Winthrop Research Institute, Department of Medicine, NYU Winthrop Hospital, 101 Mineola Boulevard, Suite 4-004, Mineola, NY 11501, United States.
Curr Pharm Des. 2019;25(9):969-986. doi: 10.2174/1381612825666190430113212.
Rheumatoid arthritis (RA) is a chronic systemic autoimmune inflammatory disorder that increases the risk of developing cardiovascular disease. There is accumulating evidence that the RA disease state accelerates the formation of atherosclerotic plaques. Treatments for RA improve joint symptomatology and may reduce inflammation, but consideration of their effects on the cardiovascular system is generally low priority.
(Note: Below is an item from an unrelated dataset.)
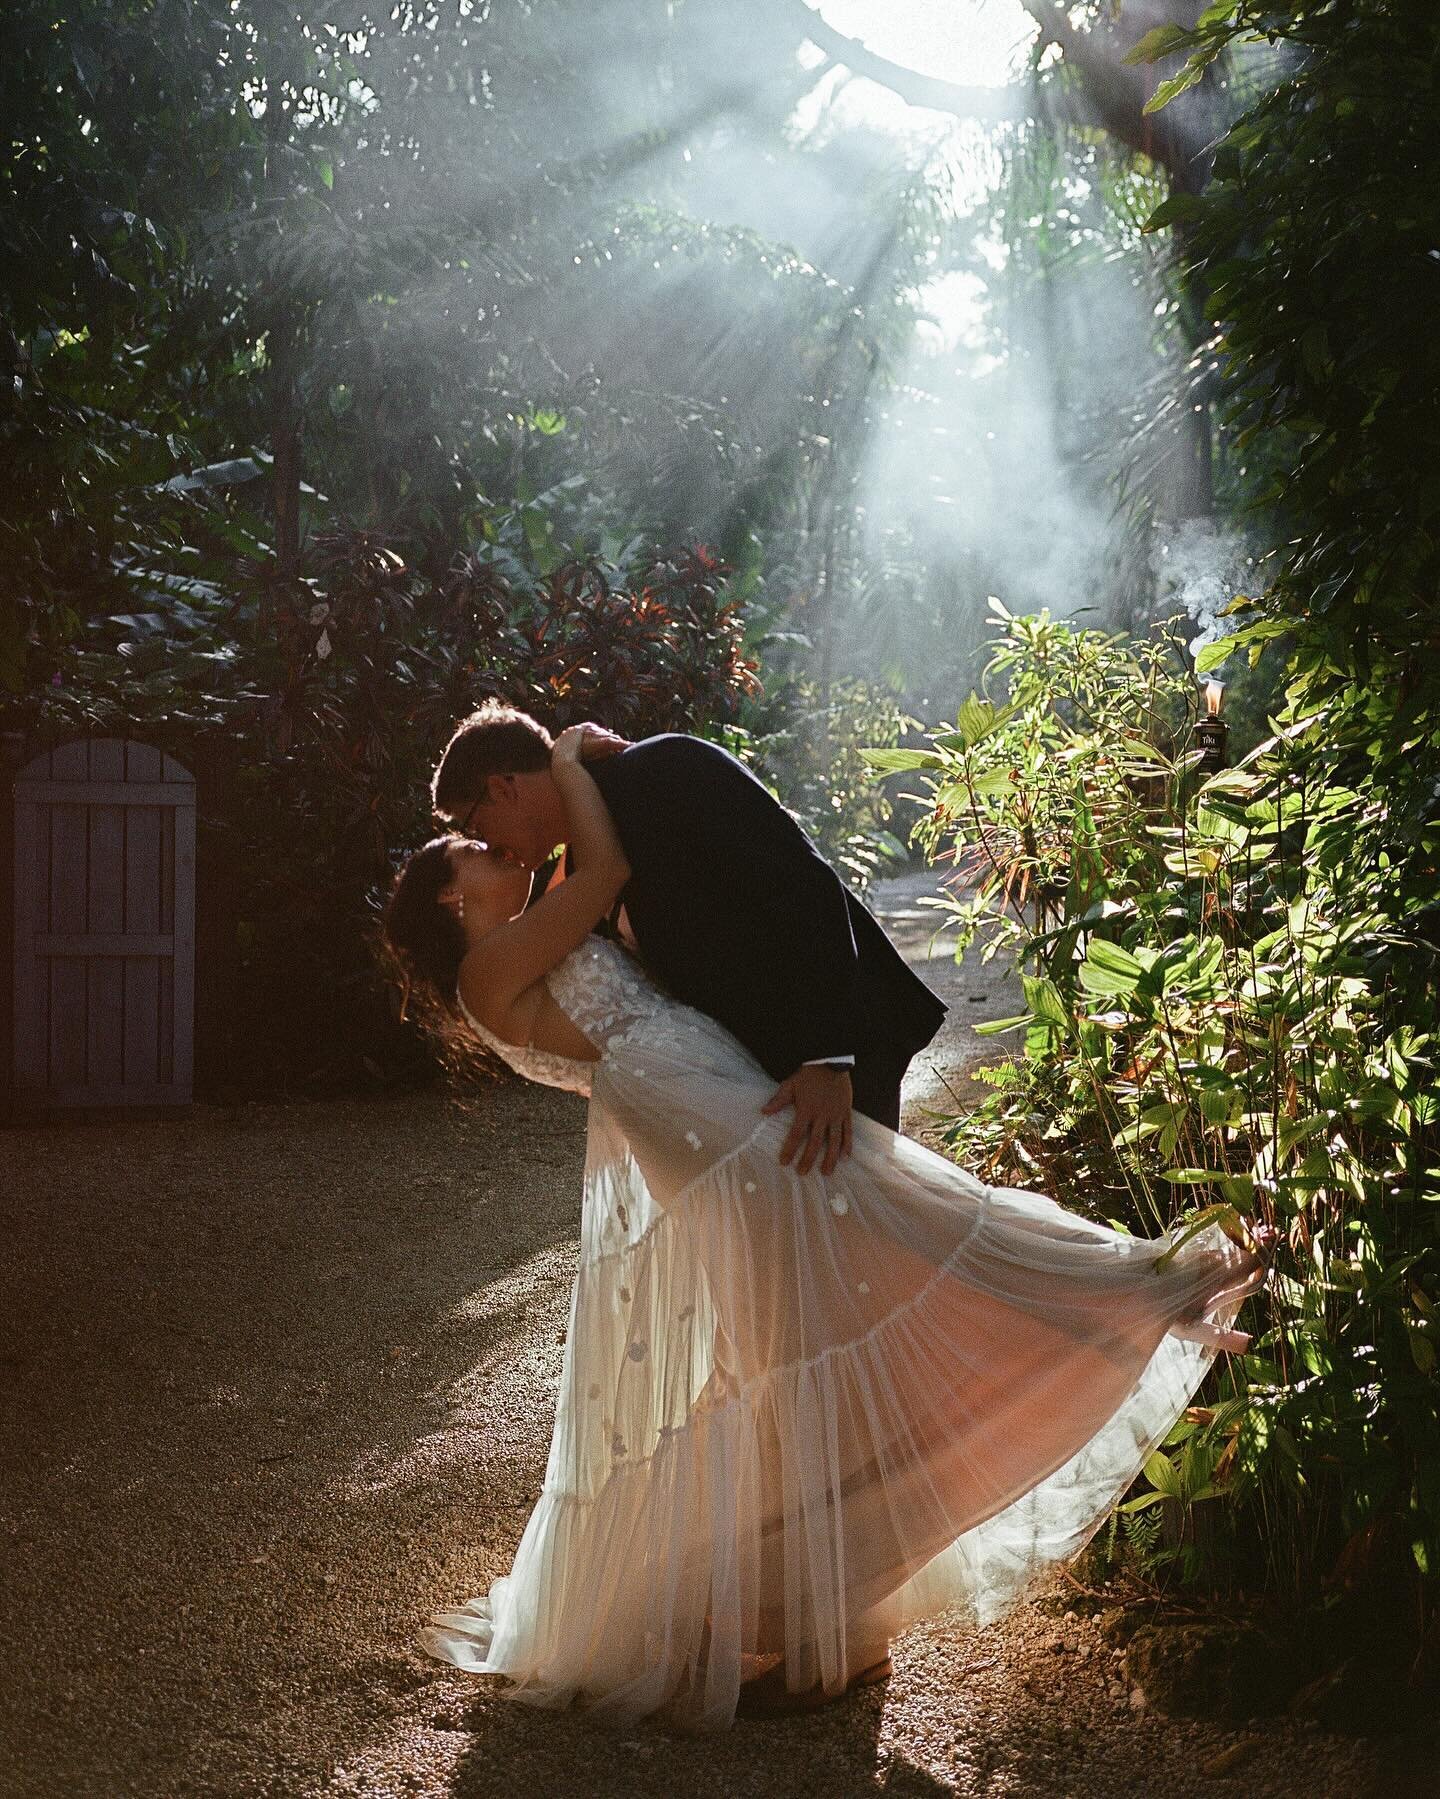 Sloane and Johnny dancing in the magical light ✨ on film
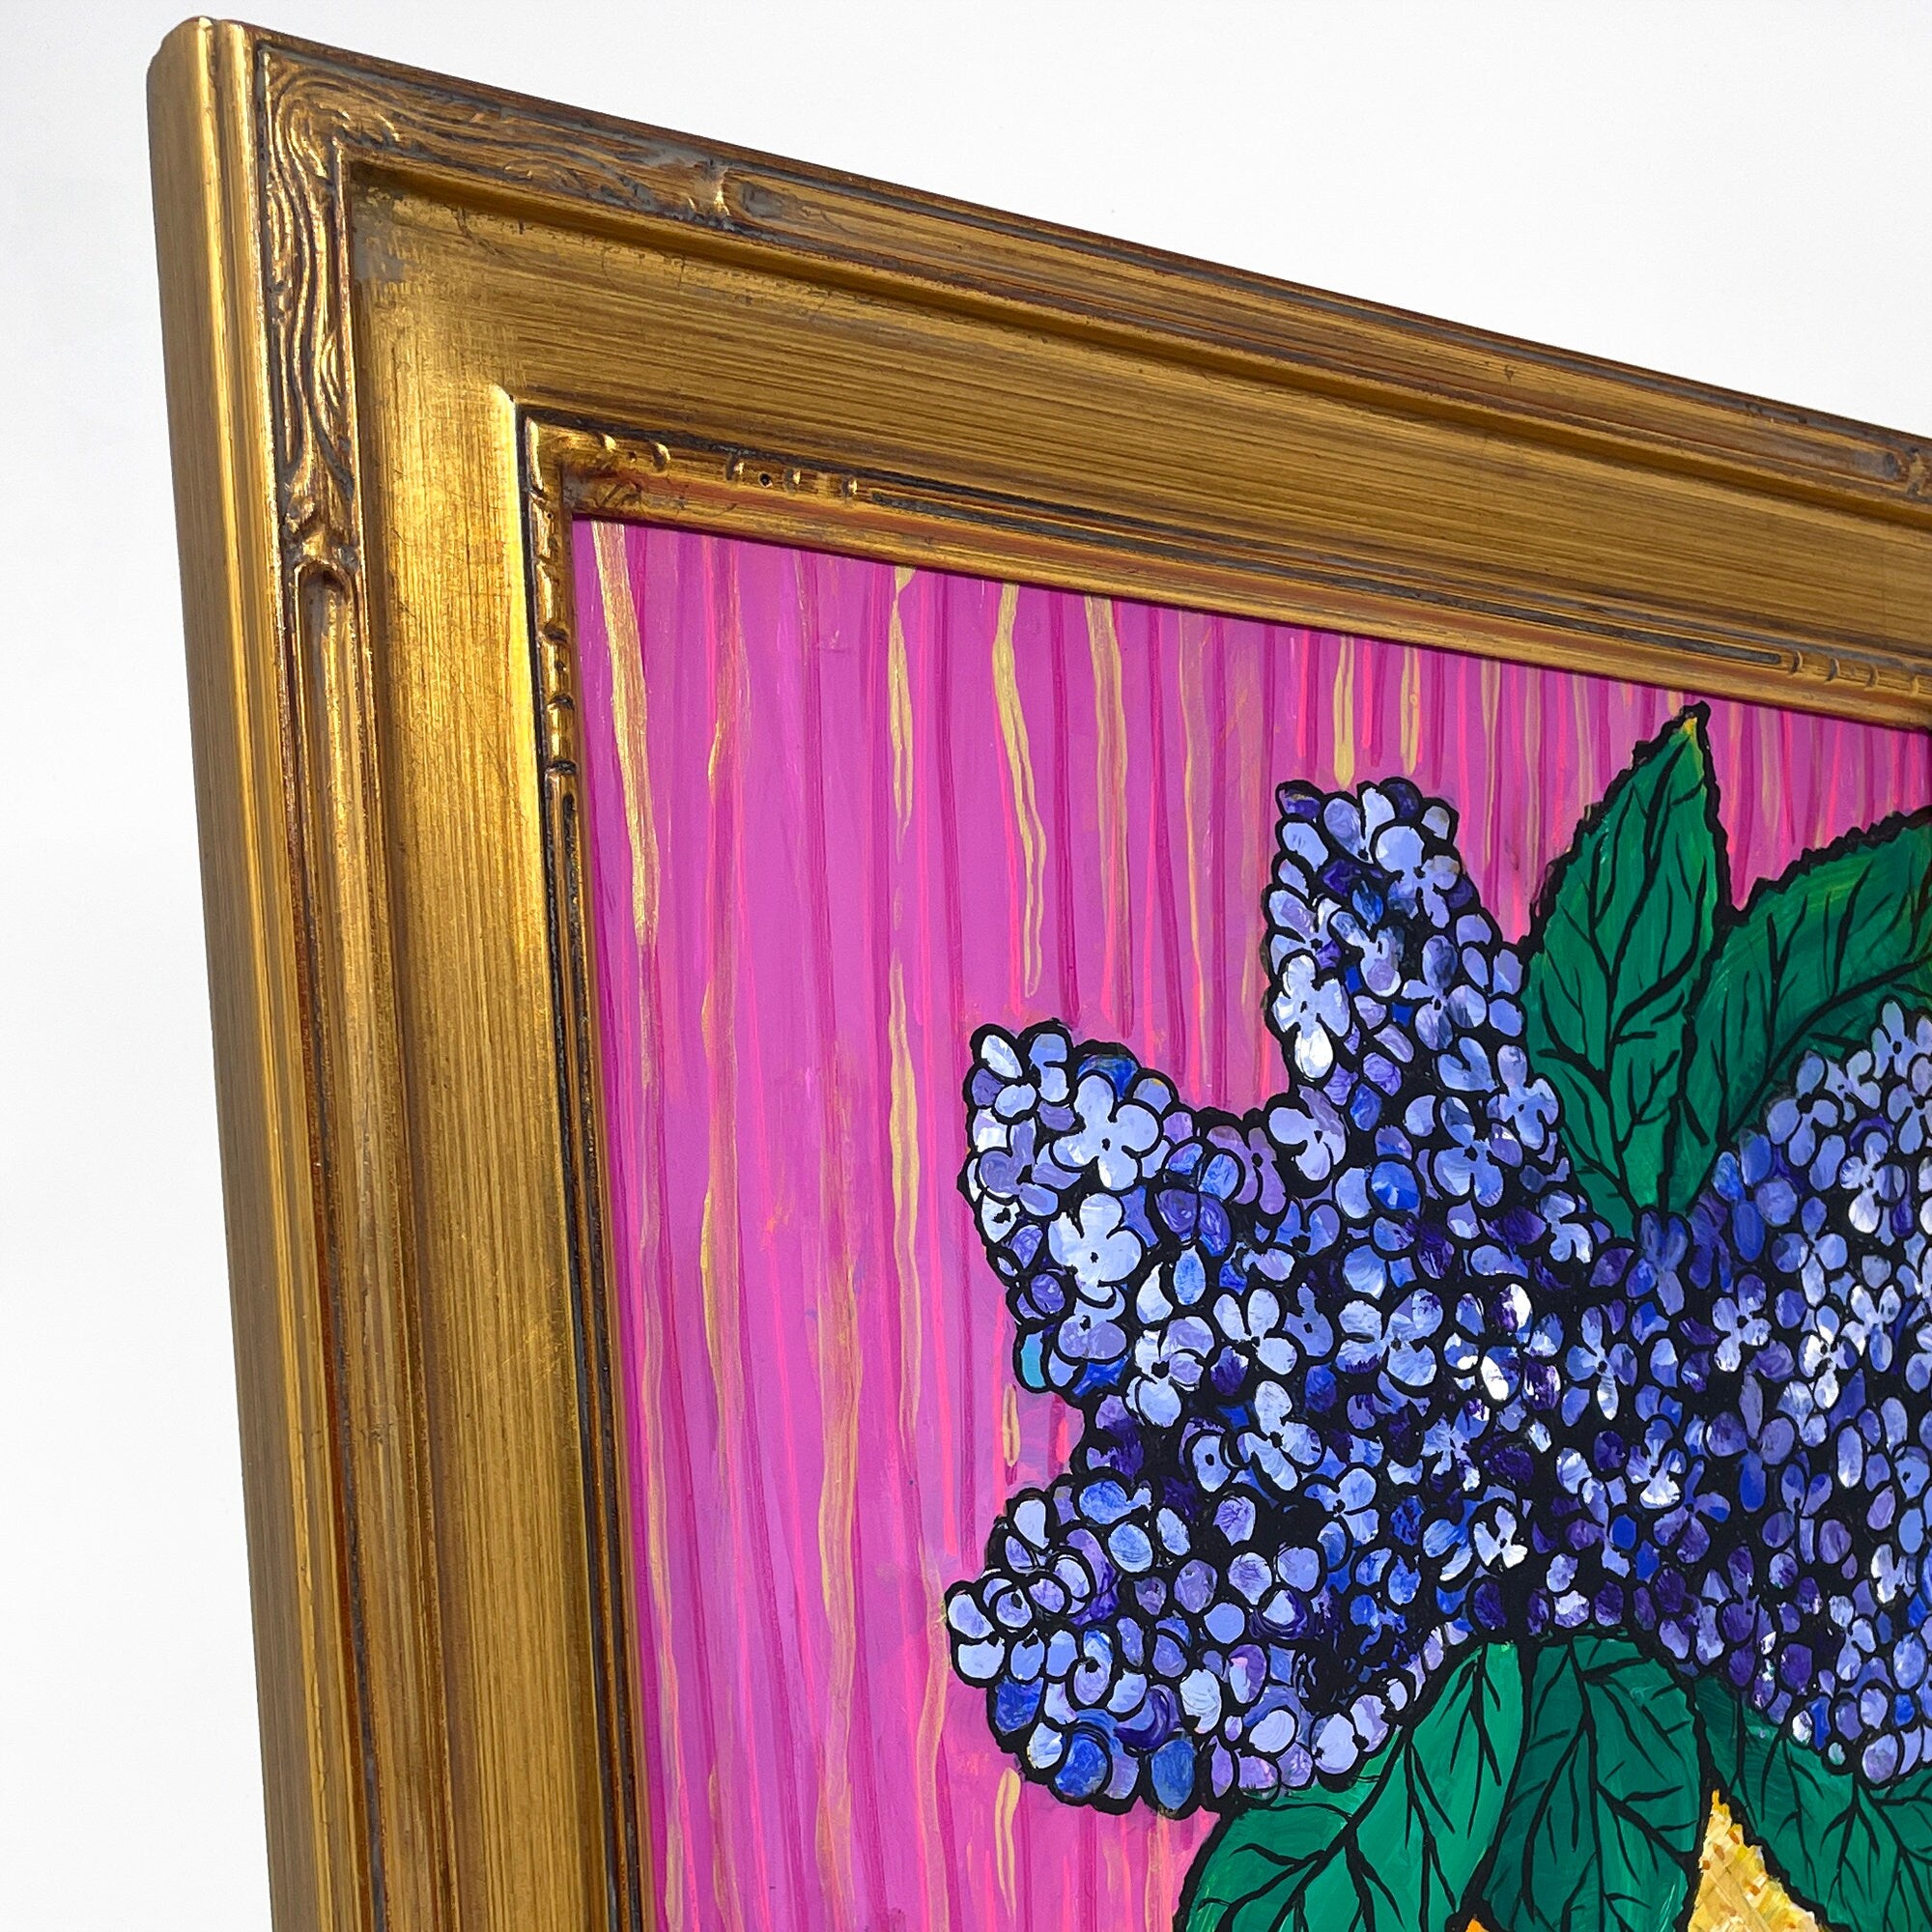 Original Purple Hydrangea Painting - Gold Frame Floral Still Life Painting - 11 x 14 inches - Vibrant Color Hydrangea Blooms in Vase

Since cardiovascular disease is the leading cause of mortality in RA patients, the impact of RA therapies on atherosclerosis is an area in need of attention and the focus of this review.
The drugs used to treat RA may be analgesics, conventional disease-modifying anti-rheumatic drugs, and/or biologics, including antibodies against the cytokine tumor necrosis factor-α. Pain relievers such as nonselective non-steroidal anti-inflammatory drugs and cyclooxygenase inhibitors may adversely affect lipid metabolism and cyclooxygenase inhibitors have been associated with increased adverse cardiovascular events, such as myocardial infarction and stroke. Methotrexate, the anchor disease-modifying anti-rheumatic drug in RA treatment has multiple atheroprotective advantages and is often combined with other therapies. Biologic inhibitors of tumor necrosis factor-α may be beneficial in preventing cardiovascular disease because tumor necrosis factor-α promotes the initiation and progression of atherosclerosis. However, some studies show a worsening of the lipid profile in RA with blockade of this cytokine, leading to higher total cholesterol and triglycerides.
Greater understanding of the pharmacologic activity of RA treatments on the atherosclerotic process may lead to improved care, addressing both damages to the joints and heart.
类风湿关节炎(RA)是一种慢性系统性自身免疫性炎症性疾病,会增加患心血管疾病的风险。越来越多的证据表明,RA 疾病状态会加速动脉粥样硬化斑块的形成。RA 的治疗方法可改善关节症状,并可能减轻炎症,但通常对其对心血管系统的影响重视程度较低。
由于心血管疾病是 RA 患者死亡的主要原因,因此 RA 治疗方法对动脉粥样硬化的影响是一个需要关注的领域,也是本次综述的重点。
用于治疗 RA 的药物可能是镇痛药、传统的疾病修饰抗风湿药物和/或生物制剂,包括针对细胞因子肿瘤坏死因子-α的抗体。镇痛药,如非选择性非甾体抗炎药和环氧化酶抑制剂,可能会对脂质代谢产生不利影响,而环氧化酶抑制剂与增加不良心血管事件(如心肌梗死和中风)有关。甲氨蝶呤是 RA 治疗中的主要疾病修饰抗风湿药物,具有多种动脉保护作用,通常与其他疗法联合使用。肿瘤坏死因子-α的生物抑制剂可能有益于预防心血管疾病,因为肿瘤坏死因子-α可促进动脉粥样硬化的发生和进展。然而,一些研究表明,阻断这种细胞因子会导致 RA 的血脂谱恶化,从而导致总胆固醇和甘油三酯升高。
更深入地了解 RA 治疗对动脉粥样硬化过程的药理作用,可能会改善对关节和心脏损害的治疗。